Acute Topical Application of Tumor Necrosis Factor α Evokes Protein Kinase A-Dependent Responses in Rat Sensory Neurons

Abstract

Local perfusion of the dorsal root ganglion (DRG) with tumor necrosis factor α (TNF-α) in rats induces cutaneous hypersensitivity to mechanical stimuli. Thus we investigated the cellular mechanisms of TNF-α-induced mechanical hyperalgesia. The L4and L5 DRGs with the sciatic nerves attached were excised from rats for in vitro dorsal root microfilament recording. After baseline recording for 15 min, TNF-α (0.001, 0.01, 0.1, or 1 ng/ml) was applied to the DRG for 15 min, followed by washout for at least 30 min. Alternatively, H-89 or Rp-cAMPS, two specific cAMP-dependent protein kinase (PKA) inhibitors, was added to the perfusion solution for 15 min prior to TNF-α application.

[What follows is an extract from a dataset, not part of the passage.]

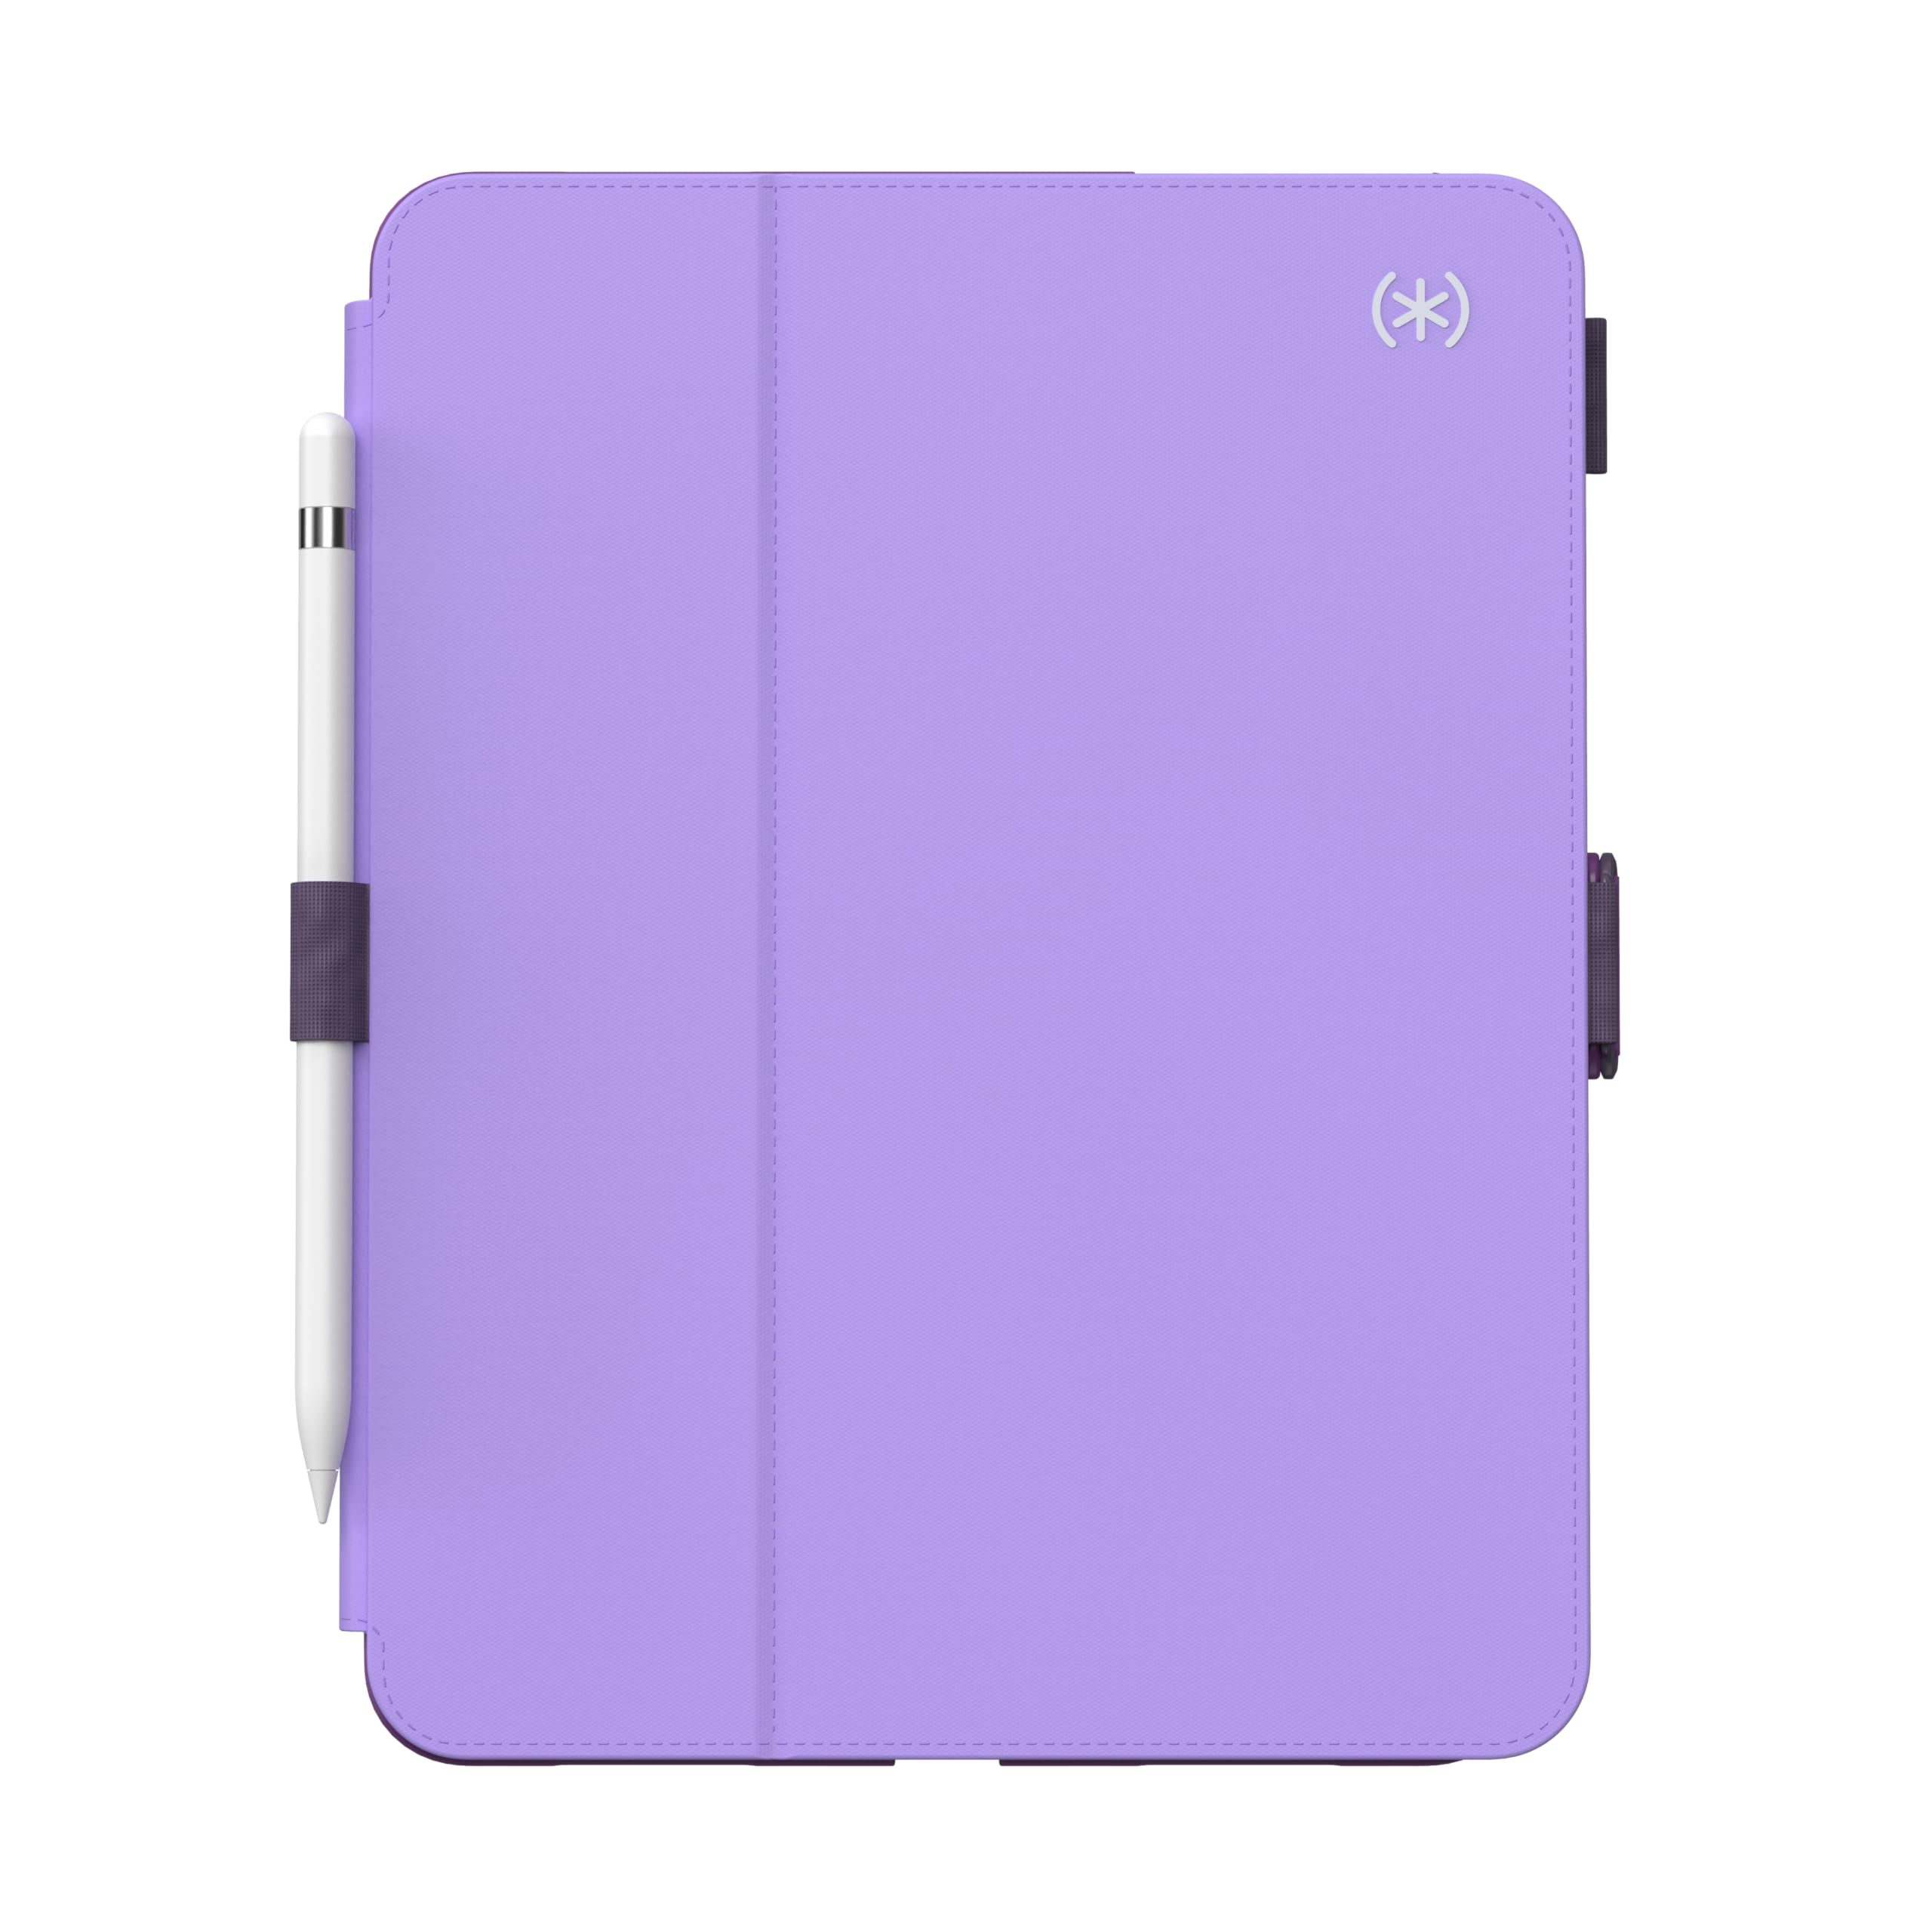 Speck iPad 10th Generation Case 2022 - Slim Multi Range Stand, Hard Back Case - Apple Pencil Holder & Drop Protection - 10.9 Inch iPad, Camera Shield - Ube Brew/Grape Parfait BalanceFolio

TNF-α (1 ng/ml) induced neuronal discharges in 67% (14/21) of C fibers and 27% (4/15) of Aβ fibers when applied topically to the DRG. Acute TNF-α application not only evoked discharges in silent fibers, but also enhanced ongoing activity of spontaneously active fibers and increased neuronal sensitivity to electrical stimulation of the peripheral nerves. H-89 (10 μM) and Rp-cAMPS (100 μM) each completely blocked the TNF-α-evoked response in most C and Aβ fibers tested but did not affect fiber conductivity. Our results demonstrates that exogenous inflammatory cytokines such as TNF-α can elicit a PKA-dependent response in sensory neurons and thus strongly suggest that endogenous TNF-α may contribute to the development of certain pathological pain states.